Thirty years ago it would have been unthinkable for a broadcast network to allow the "f-word" to go out over the broadcast airwaves unedited at any time of day, let alone during the Family Hour.  This past January, pop-star Bono used the word during a live Family Hour broadcast of the Golden Globes Awards on NBC, and the network's standards and practices department did nothing to edit it out.  They claimed it was an accident.

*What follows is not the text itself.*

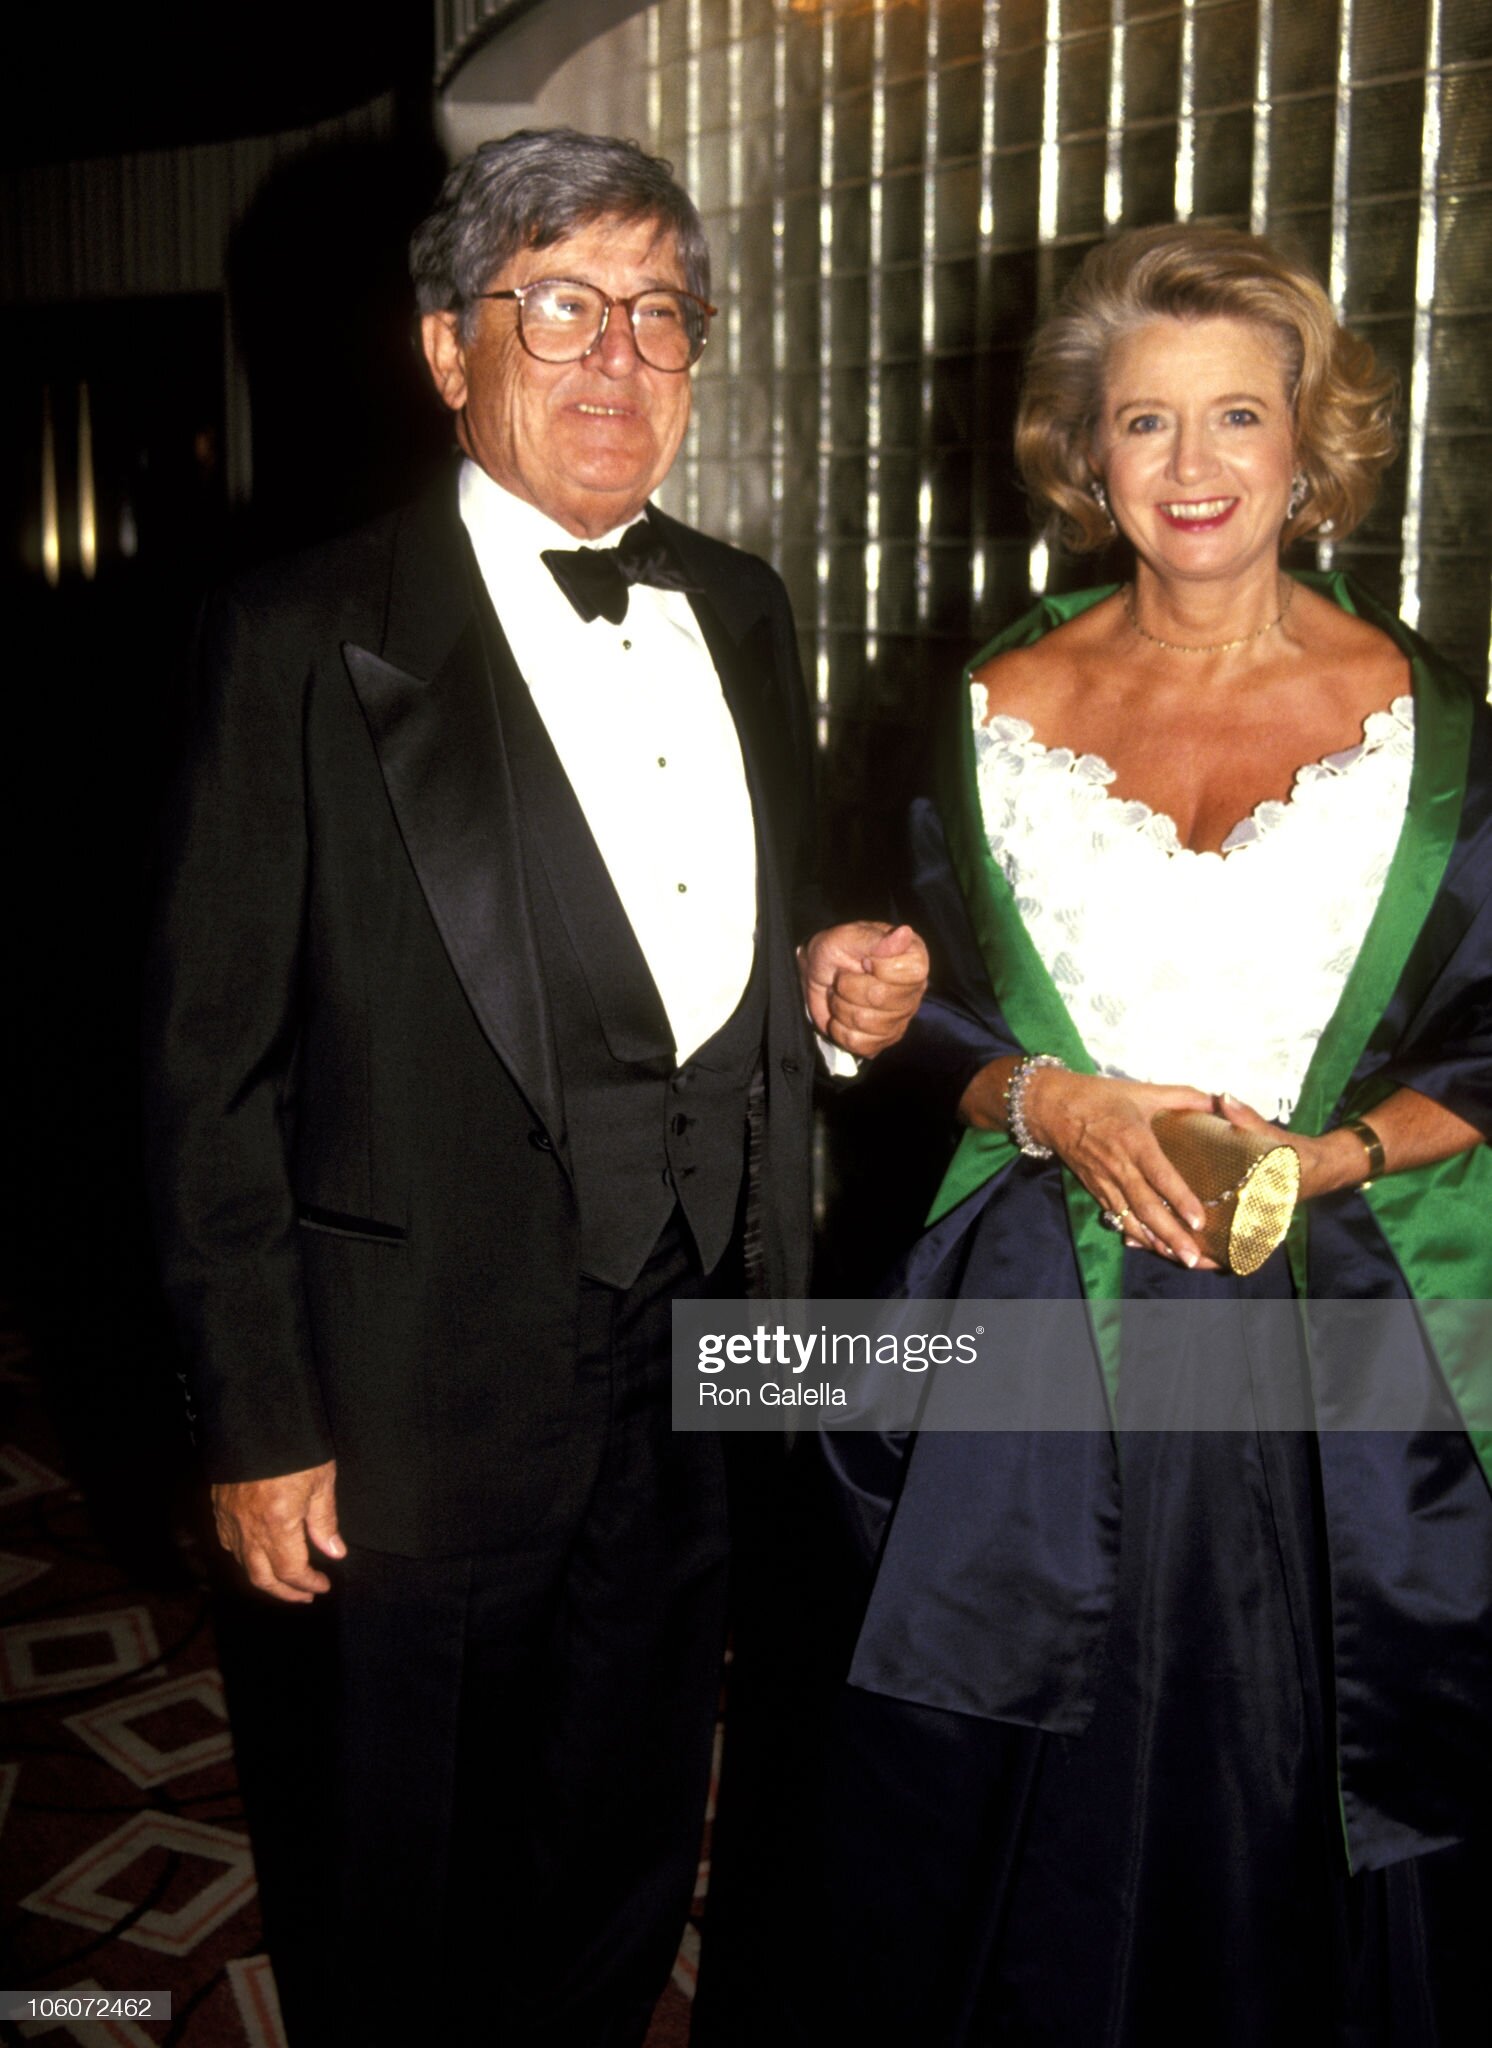 Abe Rosenthal and Shirley Lord during The Burden Center's 12th Annual Dinner Dance at Rainbow Room at Rockefeller Center, 1991.

The FCC received thousands of complaints from the public about the broadcast, but to date, the FCC has taken no action against NBC or any of its affiliates for allowing this obscenity to be broadcast.

It's not difficult to imagine that, absent a challenge from the FCC, the next time that word is heard on broadcast television, it will not be by accident.  How long then, before it becomes commonplace?  The UK-based Mediawatch found that the "f-word" was used over 1,500 times in films airing on Britain's five terrestrial television channels in the first half of this year. Is this really what we want for American broadcast television?

It's easy to be dismissive of foul language on TV, but it does have an impact.  Ultimately, the entertainment industry needs to get serious about reducing the flood of vulgarity coming into the family home over the broadcast airwaves.  Barring that, the FCC needs to get serious about enforcing broadcast decency laws and punishing broadcasters that violate those laws.


[1]Wetzstein, Cheryl. "TV teaches college students casual sex is OK, study finds." The Washington Times. 13 September, 1999: A8.  

[2] "Smoking No Longer Glamorous." Zap2it.com 27 August, 2003. 

[3] Hutchins, Chris. "I Swear!; Can You Believe How These Grown-Ups Talk?; @#$% This; &*(@ That!"  Palm Beach Post  25 Feb. 2000, Pg. 1E.

[4] Hughes, Geoffrey. Swearing: A Social History of Foul Language, Oaths and Profanity in English.  London: Penguin Books, 1998.

[5] Ibid.

[6] Lee, Chris.  "Mean Streets and Rude Workplaces: The Death of Civility."  Training.  No. 7, Vol. 36 (1999).  

[7] Kadaba, Lini.  "Some Cry Foul, Others ‘Bleep On.'" Orlando Sentinel.  31 May, 2000, Pg. E1.

[8] Fetto, John.  "Naughty and Nice?"  American Demographics.  1 July, 2003: Pg. 6.